While robots are extremely advantageous in combat, they have the effect of sanitizing warfare, while enraging our enemies abroad. I recall a documentary that I watched by New York film maker Eugene Jarecki, Why We Fight, which noted that with the numerous advances in warfare, it becomes far easier to wage, and in a scenario where soldiers are able to fight with lessened risk, this has frightening possibilities. What would happen if a military force could field an army of robots? Singer notes the scary possibility that in today's media-rich environment, there is the possibility that people will go to war because there are few immediate consequences.
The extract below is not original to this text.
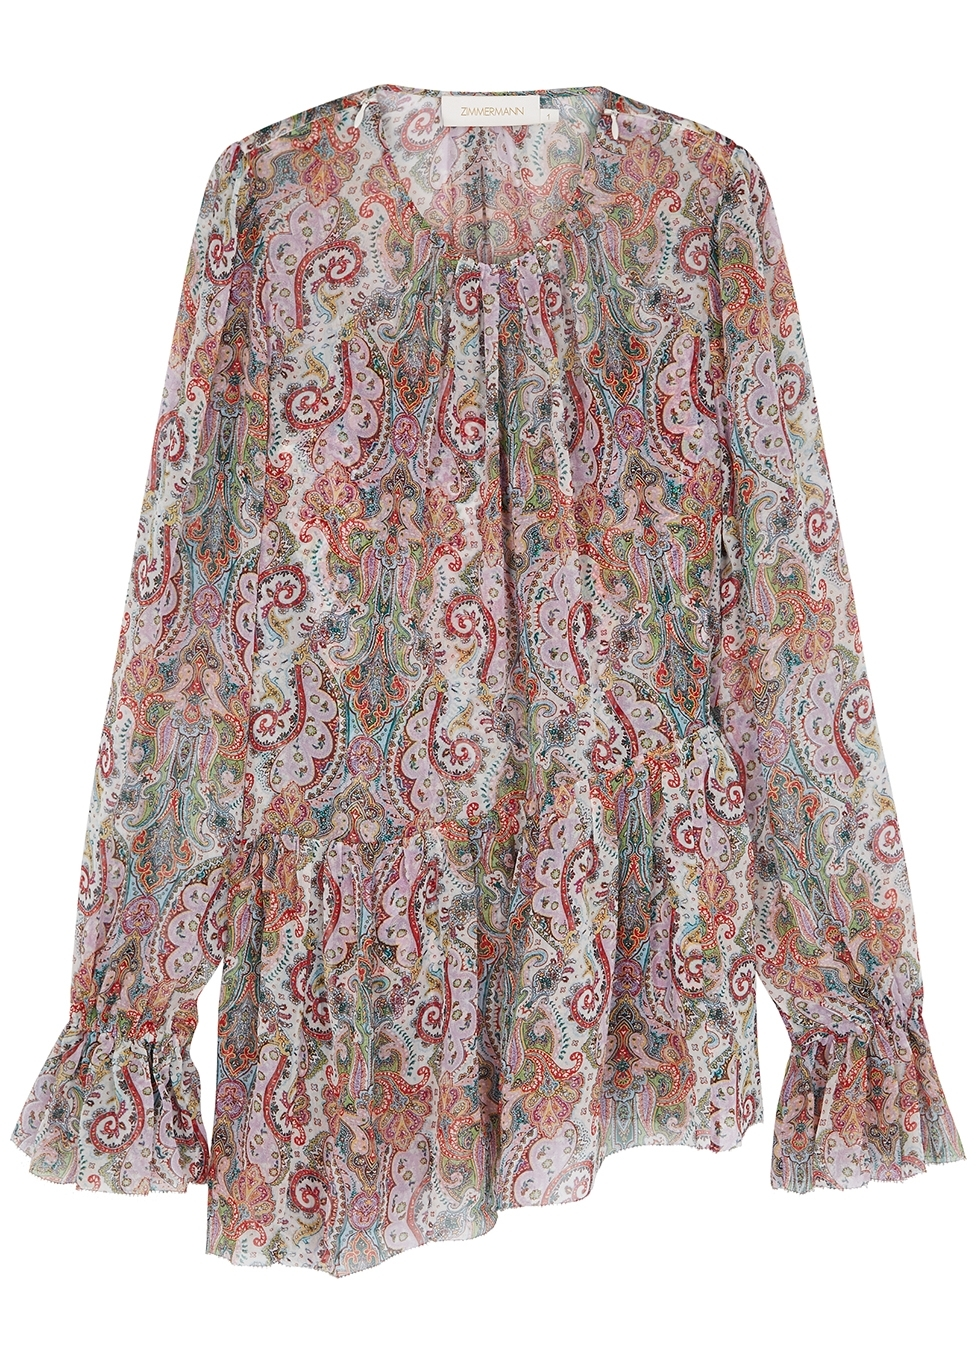 3ad7a1c2935cf Women s Designer Blouses - Silk

Singer also does not ignore the time-honored notion of a robotic rebellion, a scenario where robots realize that they are able to do far better than we can, and seek to become a dominant race on the planet. This has happened in countless films and movies, and at a couple of points, soldiers and scientists note that they are working on robots that could someday overthrow humanity. While his subjects say this in jest, there is an element of truth to it. Singer notes several instances of robotic systems going haywire, from a robot in a car factory killing a worker by mistake, to South African automated gun turret suffering from a computer glitch that caused it to open fire on soldiers during a series of wargames, killing several before it ran out of ammunition. Singer also examines the increasing influence that technology has on our lives, from Play Stations to iPods, and how these systems have influenced soldiers on the ground. Playing videogames generally helps soldiers adapt very quickly to robotic systems, to the point where controls are modeled after gaming controls.

Military historians often talk about three generations of warfare: First generation, which includes massed manpower as a dominant element; second generation, which includes firearms; and third generation, maneuver warfare, which links coordinated manpower and mechanized forces, and is widely in use today. In the past two decades, there has been much debate over the possibility of a fourth generation of warfare emerging, largely thought to be a sort of urban warfare that pits highly trained specialist-soldiers against irregular forces.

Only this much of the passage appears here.